Photos: Students Walk Out to Protest School Shootings, Gun Violence

Across the nation, at 10 a.m. in local time zones, students walked out of classrooms for 17 minutes to protest gun violence. Each minute represented one victim from the deadly Marjory Stoneman Douglas high school shooting in Parkland, Florida, which happened exactly one month ago, on February 14. During that shooting, a former student killed 17, including former classmates and staffers.

Schools have been sites of some of the deadliest shootings in modern American history, and at the site of the shooting in Parkland, students gathered at the football field as crowds cheered for those who left campus. 

In Washington, D.C., thousands gathered and headed toward the White House and U.S. Capitol. Popular cheers included, “Hey, hey, NRA, how many kids did you kill today?” and were echoed during many rallies.

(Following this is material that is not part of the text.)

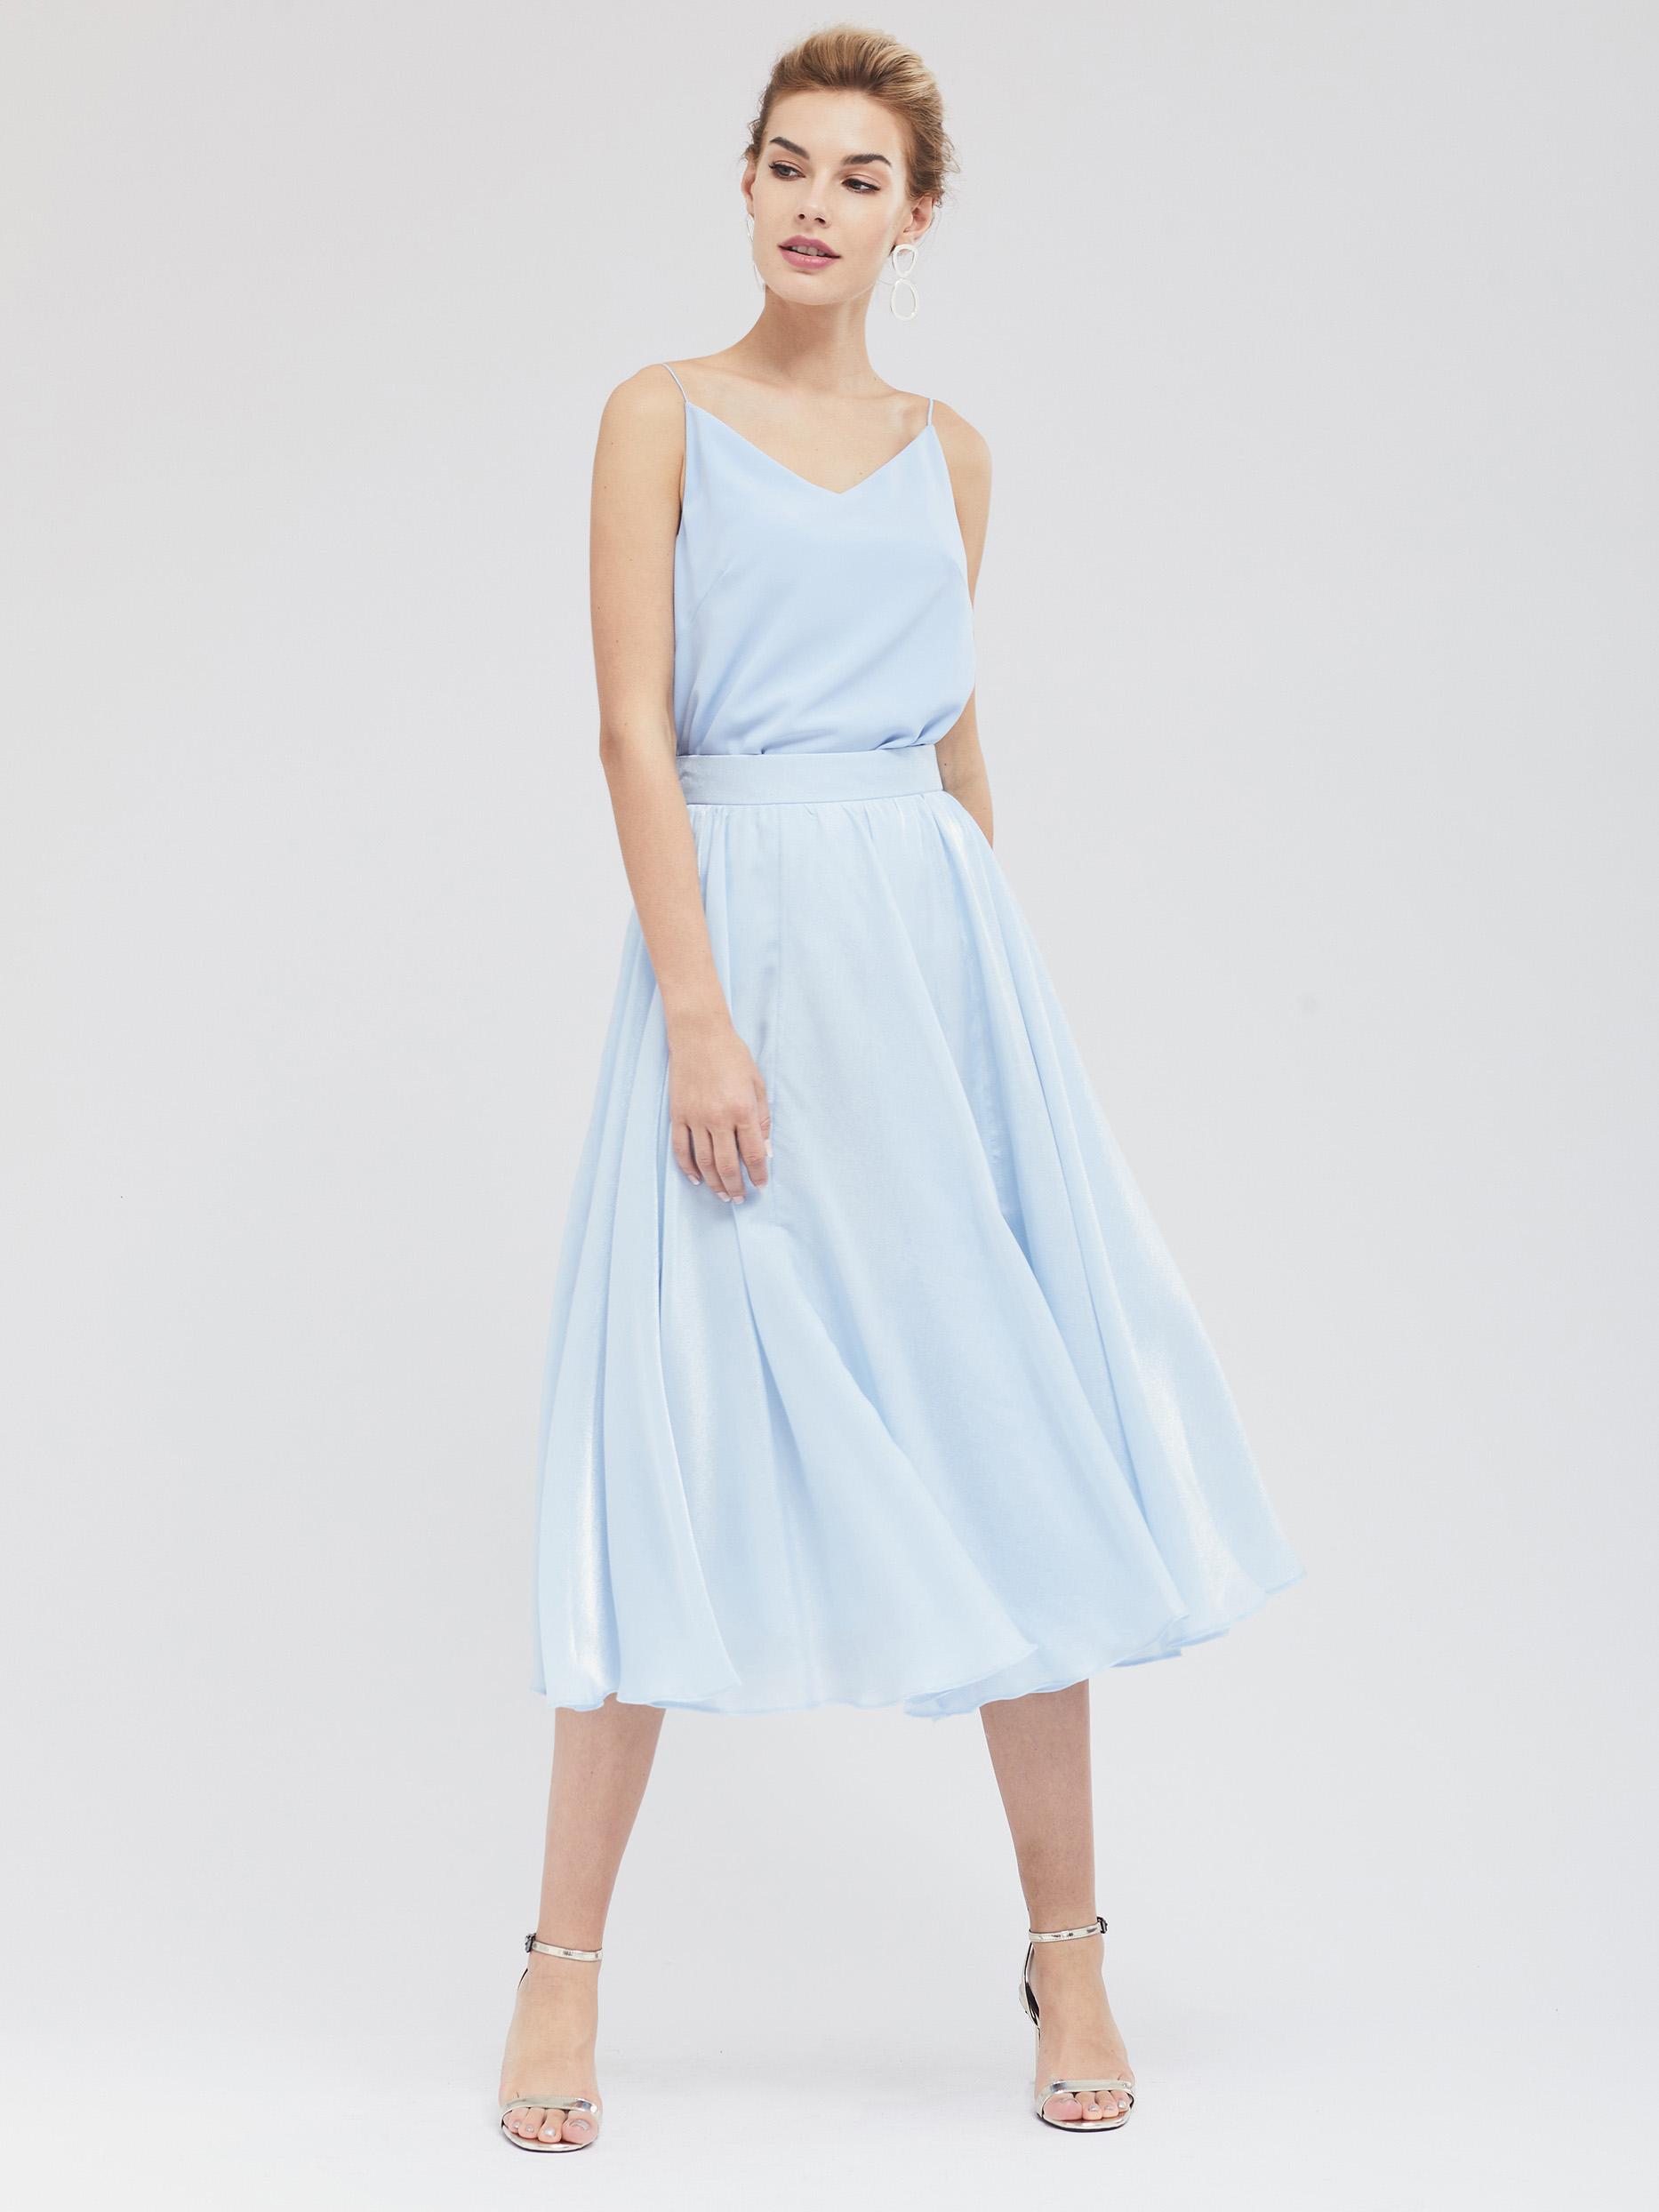 Расклешённая юбка из ткани с блеском фото

Here is a roundup of tributes paid nationwide:

Adam Alhanti hid in Parkland's school's band room during the shooting. Alhanti has said that he would march "because I want the NRA to fear the vibrations of the people’s stomps across the nation."

 

In Newtown, Connecticut, the town that saw the Sandy Hook Elementary school shooting in 2012, students assembled outside and held signs that read "Protect Our Kids."

 

The scene from Jackson High School in Massillon, Ohio:

In the aftermath of the Parkland shooting, students have confronted Capitol Hill’s stalled efforts to fix America's gun violence epidemic. It has started a nationwide debate, and a chorus of rallies has since sprung up in schools from California to Florida, voicing frustration over the lack of change.

Earlier this month, Senate Minority Leader Chuck Schumer told CNN that he had never seen anything like this. "Don’t underestimate the power of these kids."